Q: Chromium on Mac OS X

So before I plunge into trying to port Chromium over to Mac OS X, I thought it would be prudent to ask if anyone has done this already. Or maybe the Chromium team has plans to release a Mac OS X version?

A: It's on the list of things to do. Much of the port has already been done.
--
Greg Humphreys, Assistant Professor
Department of Computer Science, University of Virginia
http://www.cs.virginia.edu/~humper/

Q: I'm getting a flickering problem. What can I do ?

I was wondering if anyone can help, I have been experimenting with a number of different configurations and on some I get a strange flickering when my image gets rebuilt. I have created a sort last config and it would seem that every other frame is white so the image flickers. I hacked about with reassemble.conf to mirror my config and the same happens there.

A: Use Barriers to synchronize the application instances. See progs/psubmit/psubmit.c

If you are trying to use sort-last under windows, this is a known problem. Something fishy happens with the SwapBuffers call under windows, so Chromium tries to composite twice. This behavior happens with the readback and binaryswap SPUs. If you run a 'Chromium' app like psubmit, everything seems fine. The issue appears to be related to the application using putting up a window as well as the render SPU. Nobody has really tracked this bug down since people mostly use Linux. Under Linux, everything should be fine since we run a volume renderer on a regular basis in this setup. It is an unmodified glut app at themoment. Atlantis works for me as well.

Q: How do I use InfiniBand / SDP with Chromium?

A: Chromium supports Infiniband both with the native (Verbs) interface and SDP. When you call AddServer() in your Python configuration script, you can specify "ib" or "sdp" as the protocol, respectively. You must have first compiled Chromium with InfiniBand/SDP support. See the top-level options.mk file for more information.

Socket Direct Protocol (SDP) uses InfiniBand through ordinary Unix network sockets. The advantage of using SDP over the Verbs interface is that connections between Chromium nodes should close cleanly upon exit. With the "ib" protocol, you'll typically have to manually kill crservers, etc. after you exit because the Verbs interface is bad at detecting broken connections.

If you're using SDP, Chromium will need to address hosts by their "SDP hostname" which is typically the hostname suffixed with something like "sdp" or "ib". Chromium defaults to using "sdp". A different suffix can be specified with the CR_SDP_SUFFIX environment variable. Check your /etc/hosts file to see what your system uses.

Make sure your InfiniBand/SDP environment is working properly before trying to use it with Chromium. InfiniBand vendors typically have test programs for this.
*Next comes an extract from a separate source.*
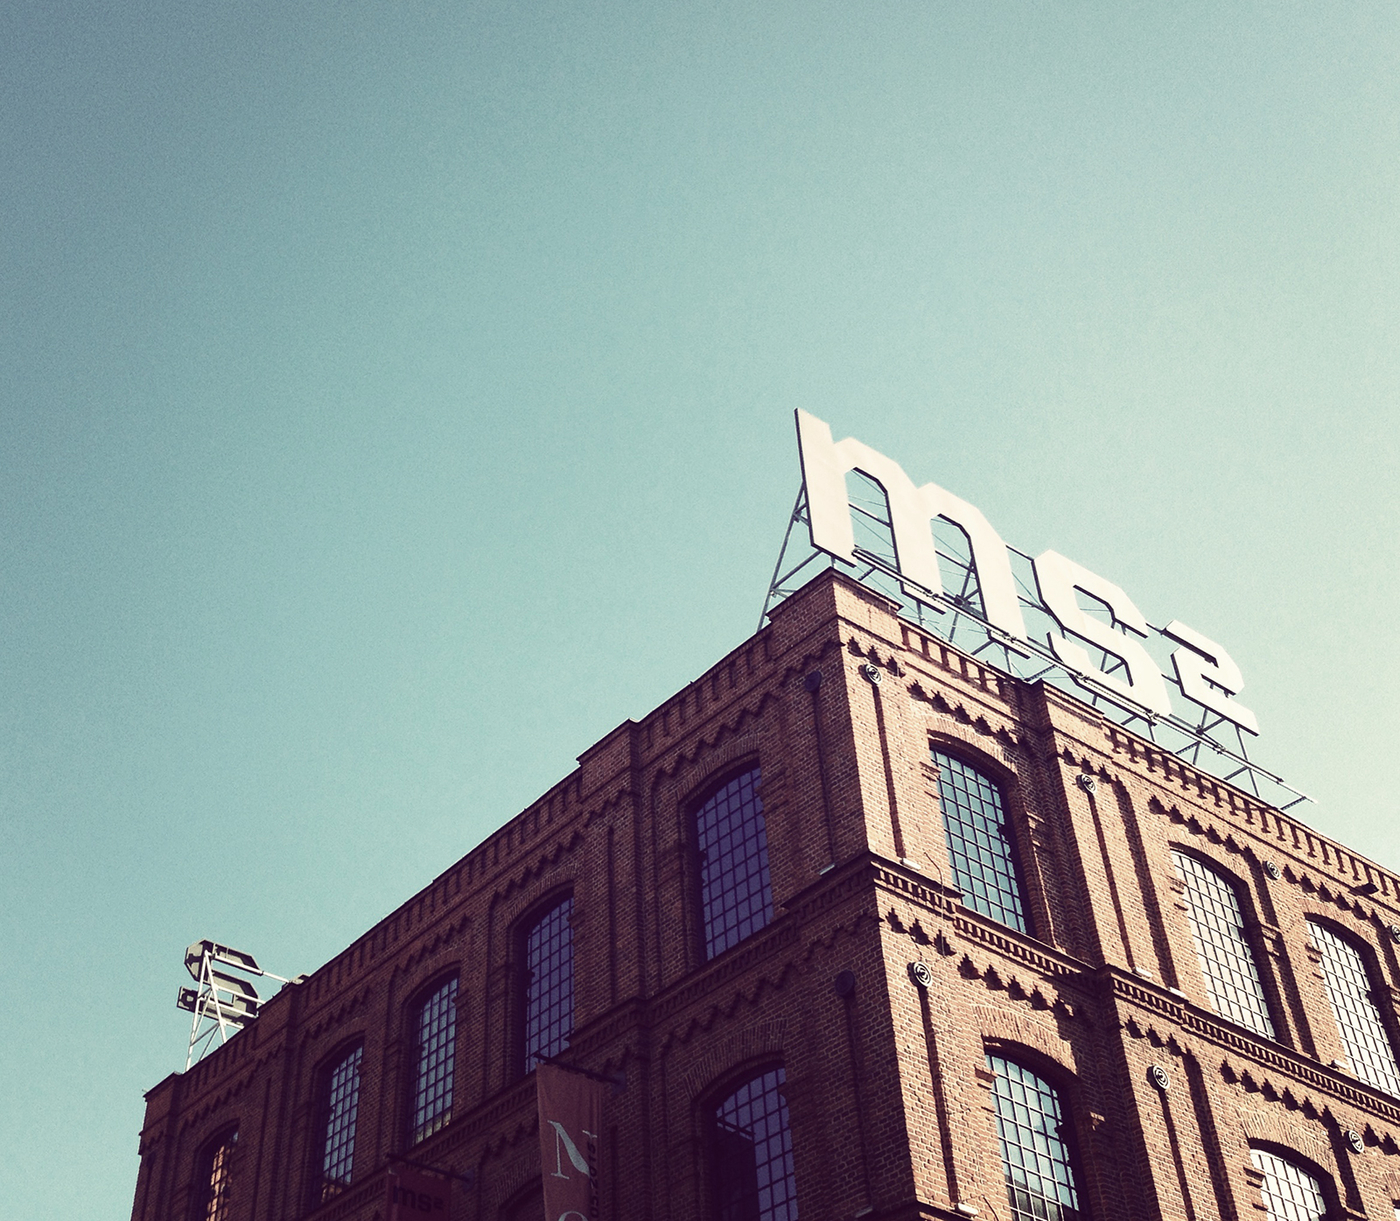 Lodz factories 2 blog.jpg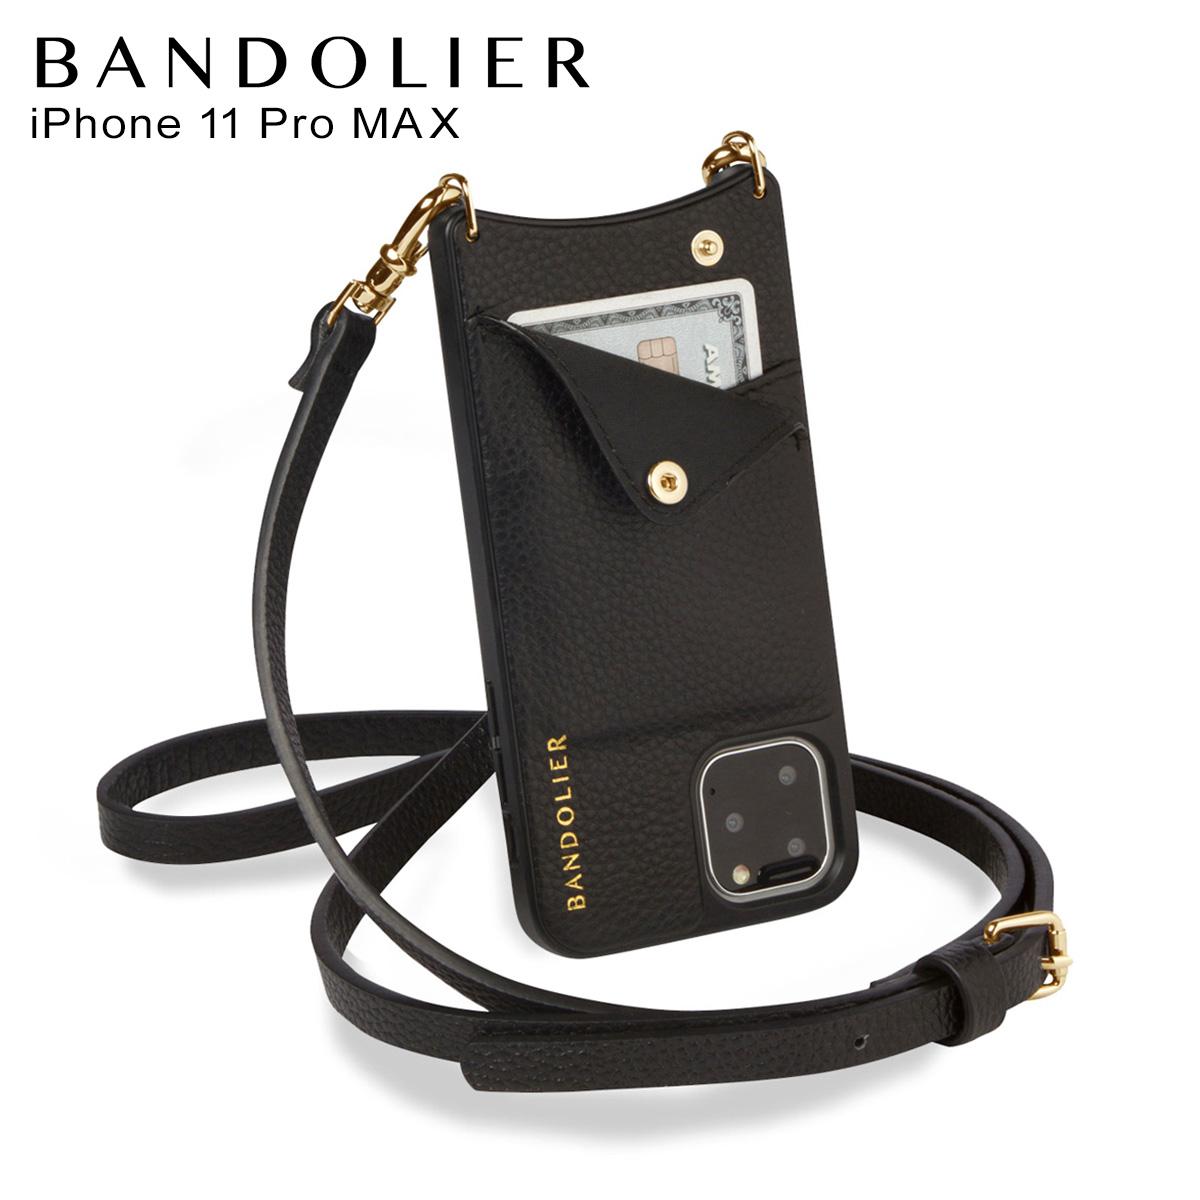 BANDOLIER EMMA GOLD バンドリヤー エマ ゴールド iPhone11 Pro MAX ケース スマホ 携帯 ショルダー アイフォン メンズ レディース ブラック 黒 2900 [12月上旬 新入荷]

Q: I get "Bad Mothership response: Never heard of server host foobar. Expected one of: 192.168.1.1 192.168.1.2" (or similar)

A: Usually, this is a problem with your /etc/hosts files. If you run the 'hostname' program and don't get a fully-qualified domain name, this is the likely problem. Make sure your /etc/hosts file(s) looks like this:

127.0.0.1               localhost.localdomain localhost
192.168.0.1             foobar.baz.com foobar

Alternately, you might try editing the mothership/server/mothership.py script and add your hostnames and domains to the HostPrefixPairs list.